Is anyone using this setup to jig for pompano? I am concerned the line would come off the manual while jigging. Does anyone have this problem? I have a bad case of the wants and am considering buying one but not if it's an issue. I have had my line come off the manual on 706's and 302's while jigging for ling just wondering if it's an issue with these reels for pompano.

Darren


----------



## HAG 90 10 (Nov 24, 2007)

They must be junk. I will stick with the Shimano/Penn/Okuma brands. Chris you can delete this post.


----------



## JoshH (Sep 28, 2007)

Can you share why


----------



## Tyler Massey (Oct 2, 2007)

That is the perfect reel for pomp jigging. The roller is bigger than the ones on the 706 and 302. I use a 7ft st. croix with the vs100 and its a great setup.


----------



## shutterup (Dec 6, 2007)

:withstupid


----------



## HAG 90 10 (Nov 24, 2007)

Thanks TMass, you too shutterup. I was worried about the line staying on the manual. 

wish, there were 50+ views and it was a day later when I post the delete this thread. I figured it was just taking up space, might as well delete it. 

I know they are nice reels, far from junk. That was my attempt at sarcasm. You would think VS200 would have chimed in as much as he likes to post. He always has something to say.


----------



## John B. (Oct 2, 2007)

> *HAG 90 10 (2/7/2008)*Thanks TMass, you too shutterup. I was worried about the line staying on the manual.
> 
> wish, there were 50+ views and it was a day later when I post the delete this thread. I figured it was just taking up space, might as well delete it.
> 
> I know they are nice reels, far from junk. That was my attempt at sarcasm. You would think VS200 would have chimed in as much as he likes to post.
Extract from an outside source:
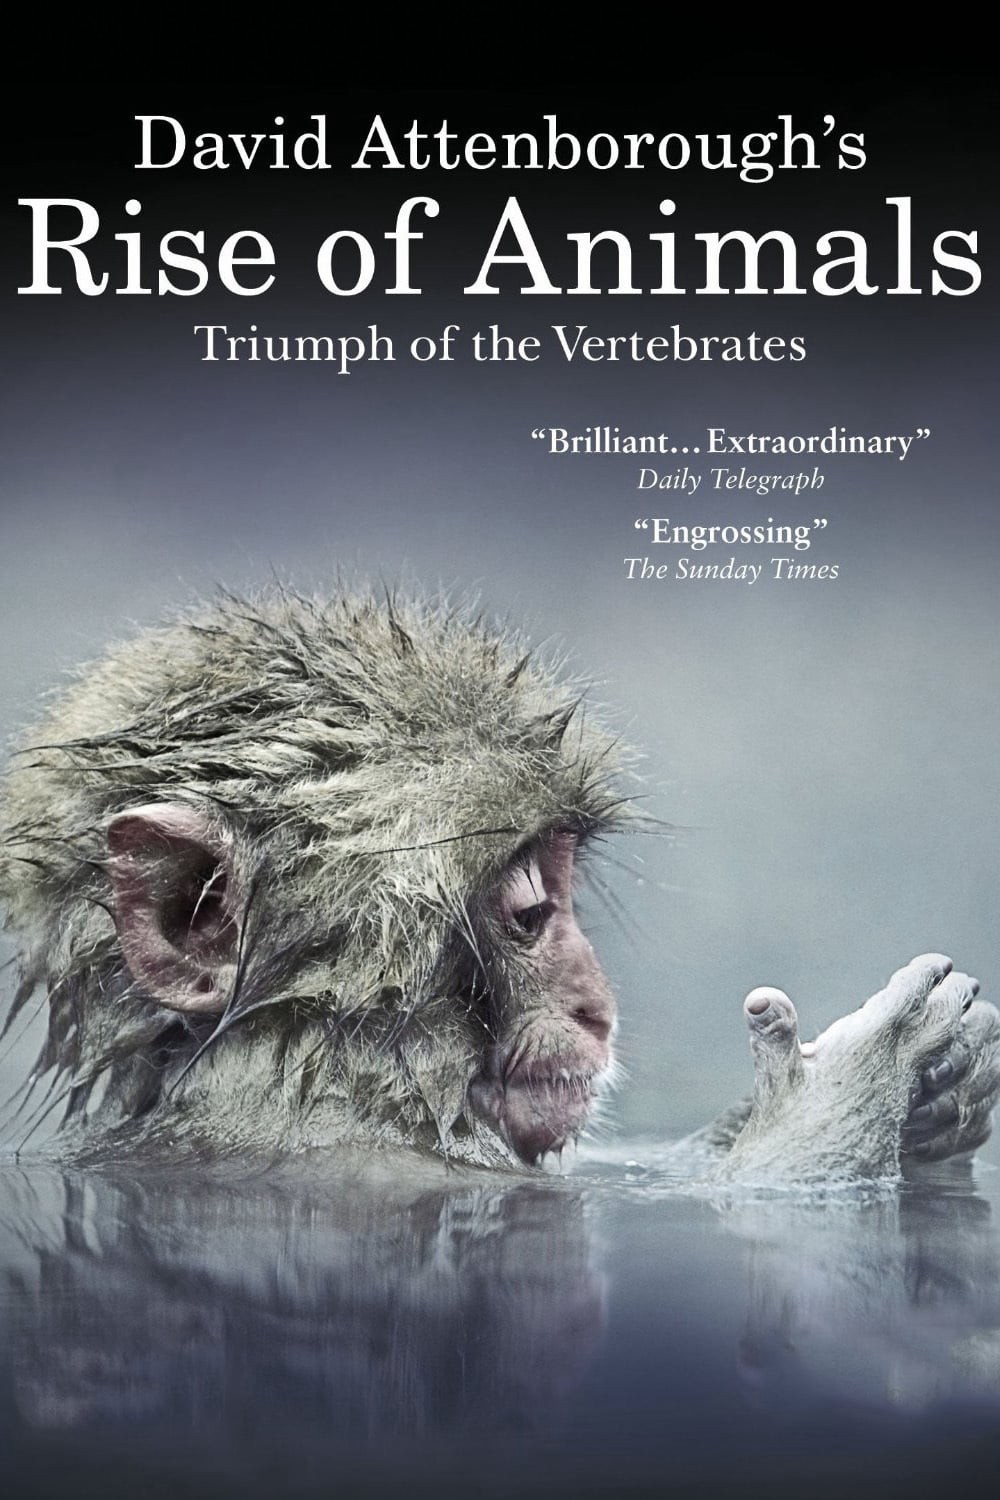 David Attenborough's Rise of Animals: Triumph of the Vertebrates 2013

He always has something to say.


hahaaaa.... i swear, i tried to post to this thing on 3 seperate occasions, my computer would start to get sluggish, and eventually stop loading before it would post.

Tyler is right, the lip on the roller is friggin huge, it shouldn't ever pop off the manual, even with braid.


----------



## shutterup (Dec 6, 2007)

haha those are very nice reels i highly recomend them to everyone.


----------